Pack/combine lines where possible.
Any line called by a GOTO had to remain at the start, by following lines would be combined up to the max size of a BASIC line. Only when it had to be broken by logic (ELSE, etc.) would it not be combined. For example:
10 FOR I=1 TO 100 20 GOSUB 50 30 NEXT I 40 END 50 REM PRINT SOMETHING 60 PRINT "HELLO WORLD!" 70 RETURN
…would end up as:
10 FORI=1TO100:GOSUB60:NEXTI:END 60 PRINT"HELLO WORLD!":RETURN
Remove all REMs.
Obvious. I *think* his program would adjust a GOTO/GOSUB that went to a REM line to go to the next line after it, and remove the REM:
10 GOSUB 1000 20 END 1000 REM PRINT SOMETHING 1010 PRINT "HELLO" 1020 RETURN
…would become like:
10 GOSUB1010:END 1010 PRINT"HELLO":RETURN
NOTE: Even without packing, I learned not to GOTO or GOSUB to a REM since it required the interpreter to parse through the line. I would GO to the first line of code after the REM:
10 GOSUB 1010 ... 1000 REM MY ROUTINE 1010 PRINT "HERE IS WHERE IT STARTS" ...
Every thing you do like that saves a bit of parsing time since it doesn’t have to start parsing 1000 and look up a token then realize it can ignore the rest of the line.
Not bad so far
But that’s not all!
The BASIC input buffer is some maximum number of bytes (250?). When you type a line to max, it stops you from typing more. When you hit ENTER, it is tokenized and could be much smaller. For instance, “PRINT” turns in to a one-byte token instead of the five characters. Carl’s program would combine and pack the tokens up to the max line size. Thus, it created lines that BASIC could run which were IMPOSSIBLE to enter on the keyboard. If I recall, you could LIST and they would print (?) but if you did an EDIT you were done.
Renumber by 1.
GOSUB2000 would take up one bye for the token, then four bytes for the line number. If you renumber by 1s, it might make that function be GOSUB582 and save a byte. Multiply that by every use of GOTO/GOSUB/ON GOTO/etc. and you save a bit.

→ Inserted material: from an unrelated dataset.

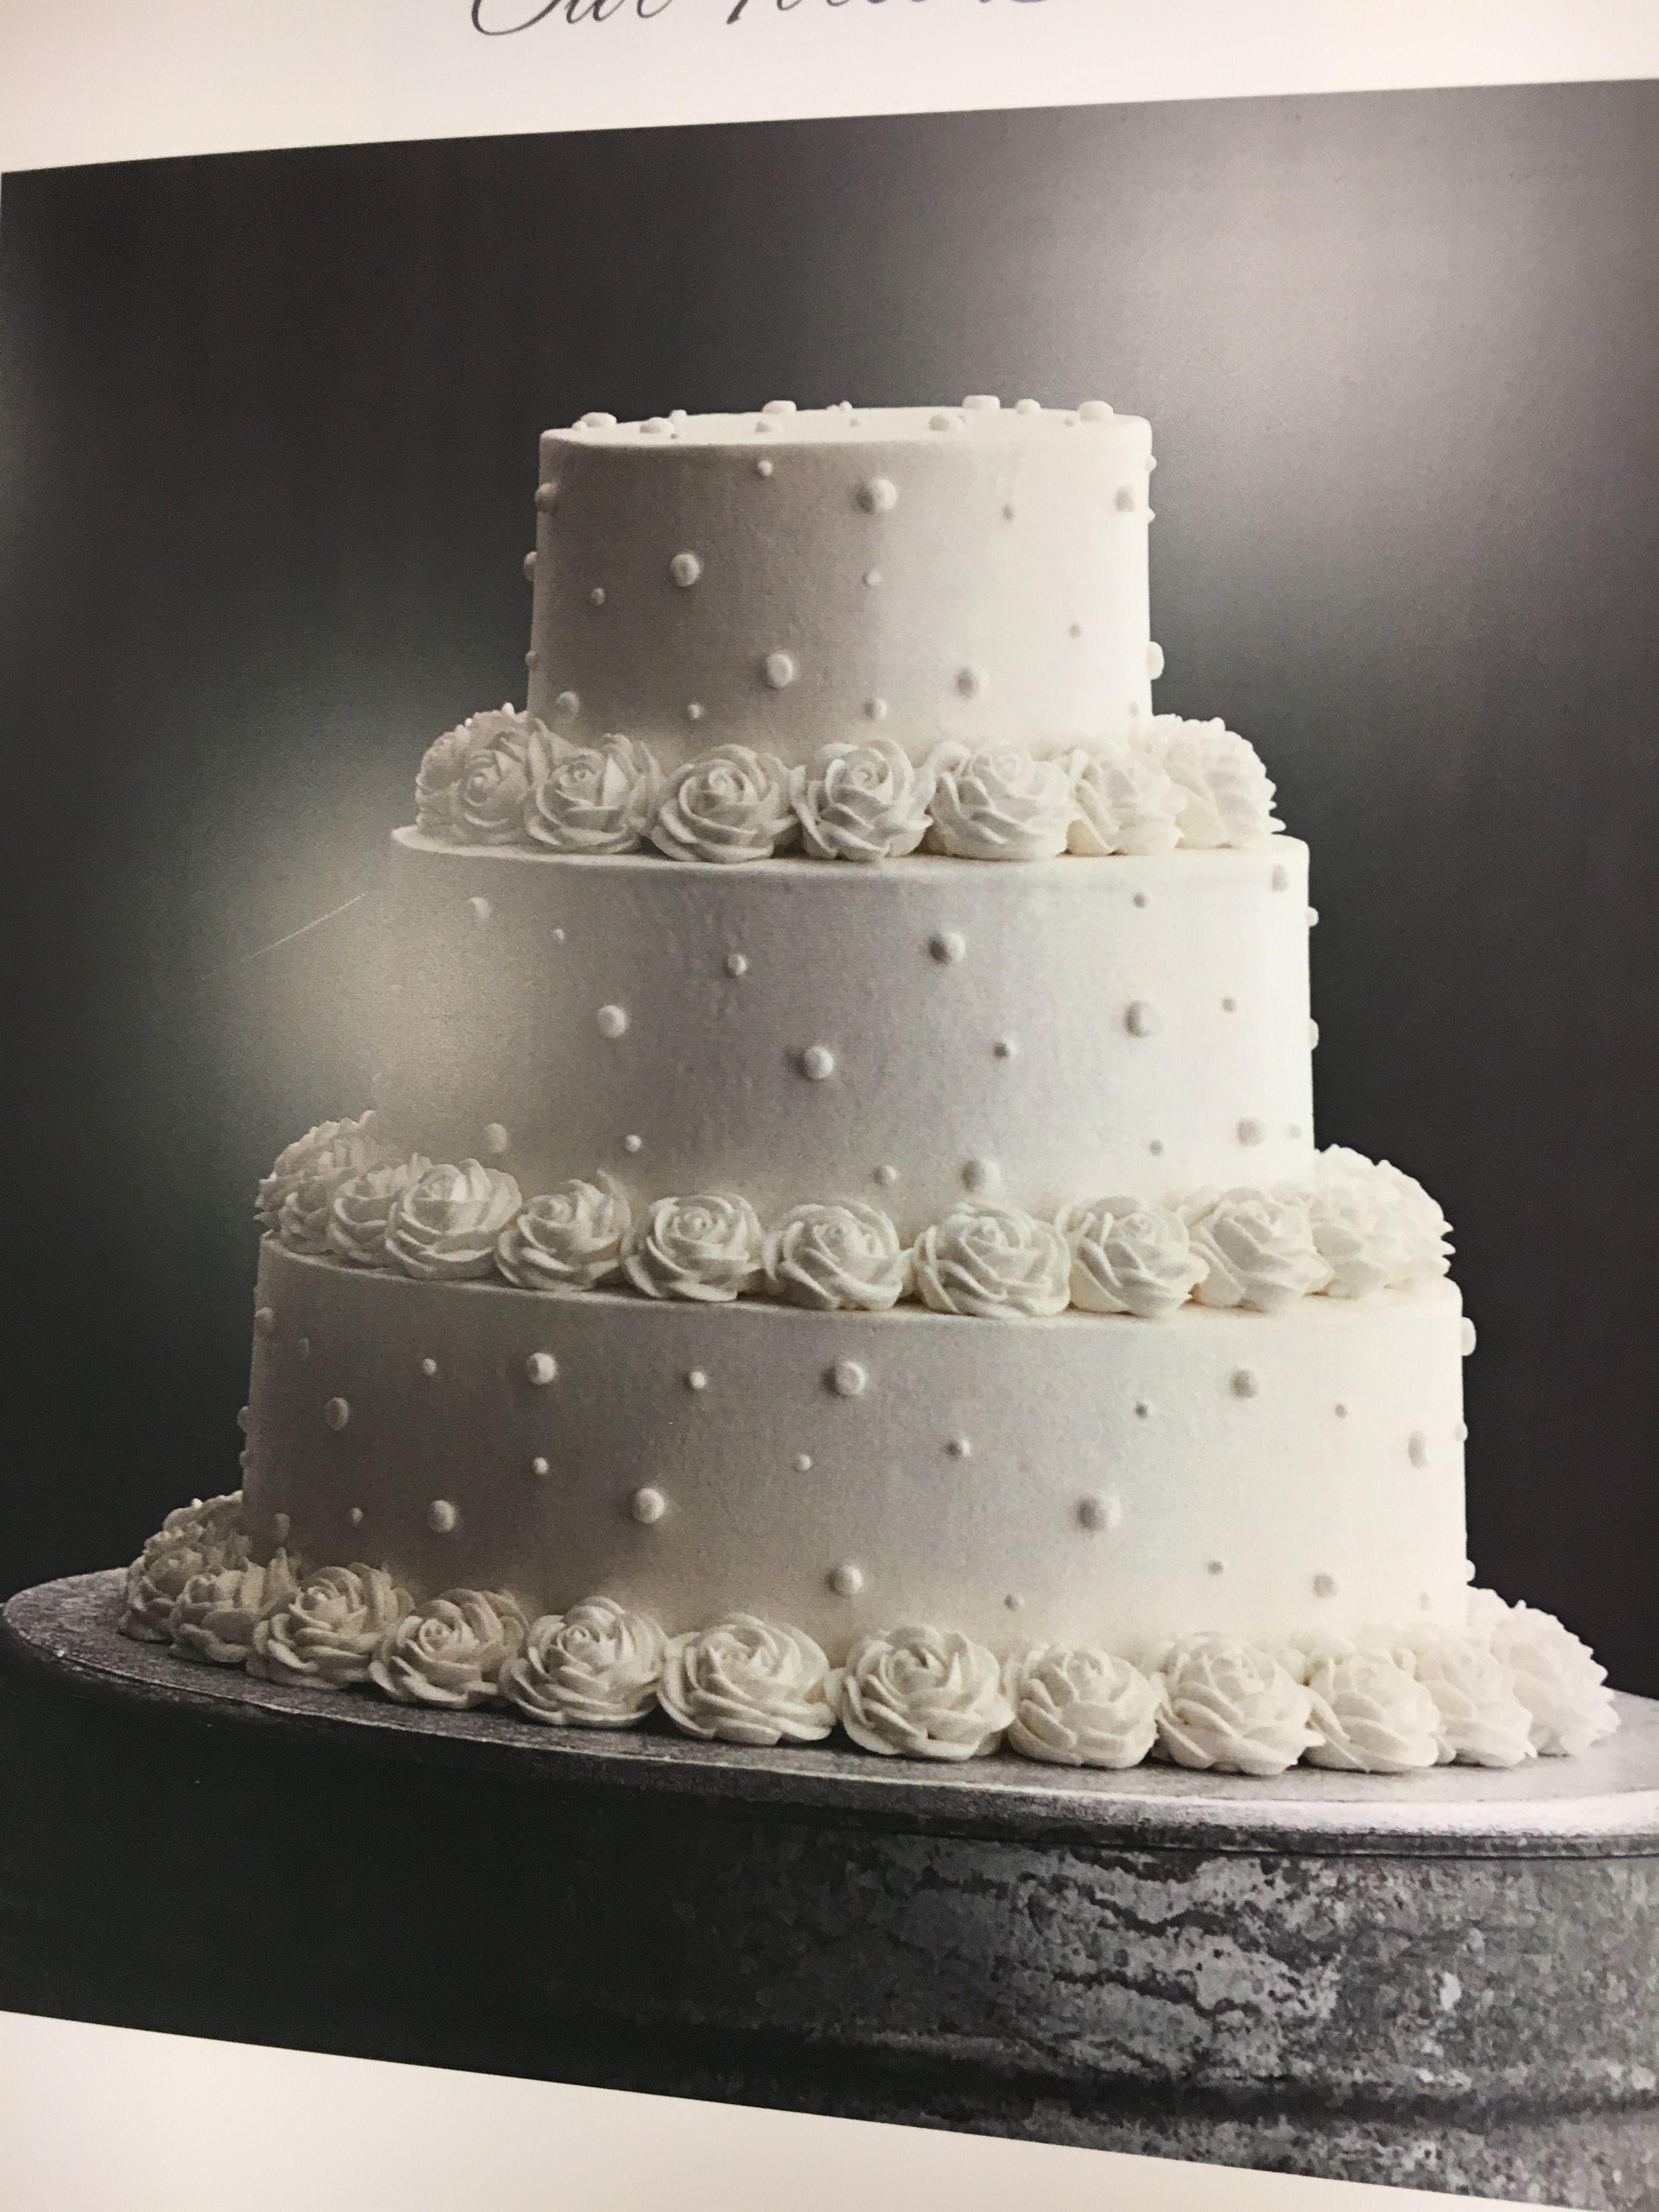 Publix Publix wedding cake, Fall wedding cakes, Publix cakes

Even without one of these compressors, try a before/after just doing a RENUM 1,1,1. I recently posted an article with a short (27 line) word wrap routine in BASIC. Doing this renum saved 7 bytes.
Removing NEXT variables.
I am not sure if this is just something I knew, or if his program also did it. If you use FOR/NEXT and it is used normally, you don’t need the NEXT variables like this:
10 FOR D=0 TO 3 'DRIVES 20 FOR T=0 TO 34 'TRACKS 30 FOR S=1 TO 18 'SECTORS 40 DSKI$ D,T,S,S1$,S2$ 50 NEXT S 60 NEXT T 70 NEXT D
The NEXTs could also be
50 NEXT S,T,D
Or
50 NEXT:NEXT:NEXT
Ignoring spaces, “NEXT:NEXT:NEXT” takes up one less byte than “NEXTS,T,D” (NEXT is turned in to a token, so it is TOKEN COLON TOKEN COLON TOKEN versus TOKEN BYTEVAR COMMA BYTEVAR COMMA BYTEBAR”.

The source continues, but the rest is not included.